Home equity loan guidelines

If you’ve been paying off your mortgage for a little while you’ll start to build up a bit of equity, particularly if the housing market in your area is seeing property values increase. You may be wondering how you could access that equity, whether to pay off a debt, fund home renovations or take your family on a holiday.

Equity – the difference between the value of your property and the loan amount – may be accessed if needed for whatever financial reason. And may be done through a home equity loan.

However, home equity loans aren’t a one-size-fits-all financing option. Let’s explore some of the basic guidelines so you can deepen your understanding of home equity loans.

All about home equity loans

What to know about home equity loans

Home equity loans are where a borrower uses the equity in their property as security to borrow money.

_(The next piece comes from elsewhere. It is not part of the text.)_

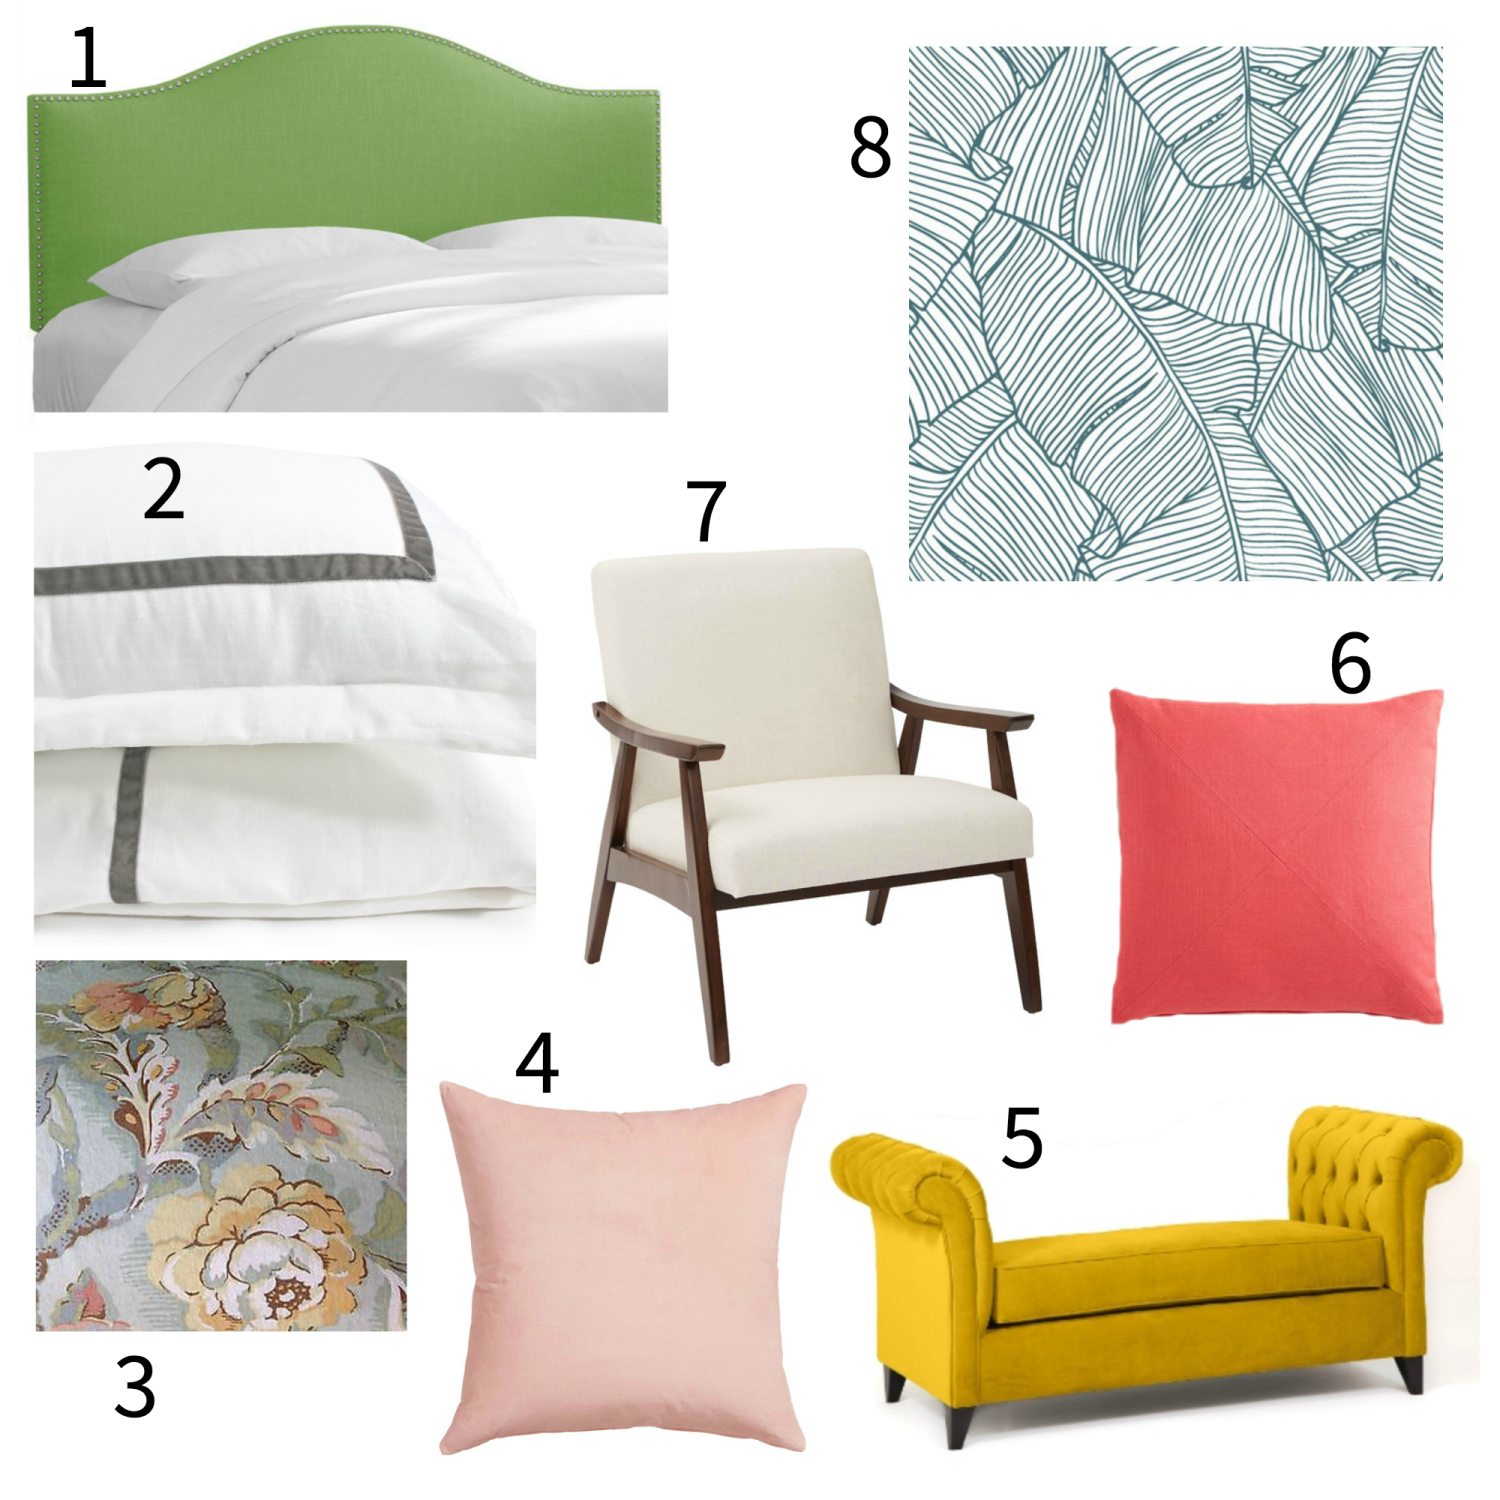 Cheerful guest bedroom plans with sources

There are three main ways homeowners can access the equity in their home via a home equity loan:

  • Line of credit – Like a credit card, you are given a pre-approved credit limit and may use these funds you need. CBA, ANZ, Westpac offer Line-of-credit-type home equity products. You pay interest on any funds you borrow.
  • Lump sum – Like a personal loan, you may be able to use your equity as security to borrow a sum of money to be repaid with interest.
  • Reverse mortgage – Available for retirees, typically for those who own their property outright. This option is usually used to help fund retirement costs. You may access part of the value of your property, either as ongoing income or a lump sum. This is repaid when the borrower chooses, including when selling the home, if moving into aged care of if they pass away.

Some homeowners may choose to access the equity in their mortgage by refinancing and increasing their loan value. This is different to a home equity loan but still one option homeowners may want to consider in their research.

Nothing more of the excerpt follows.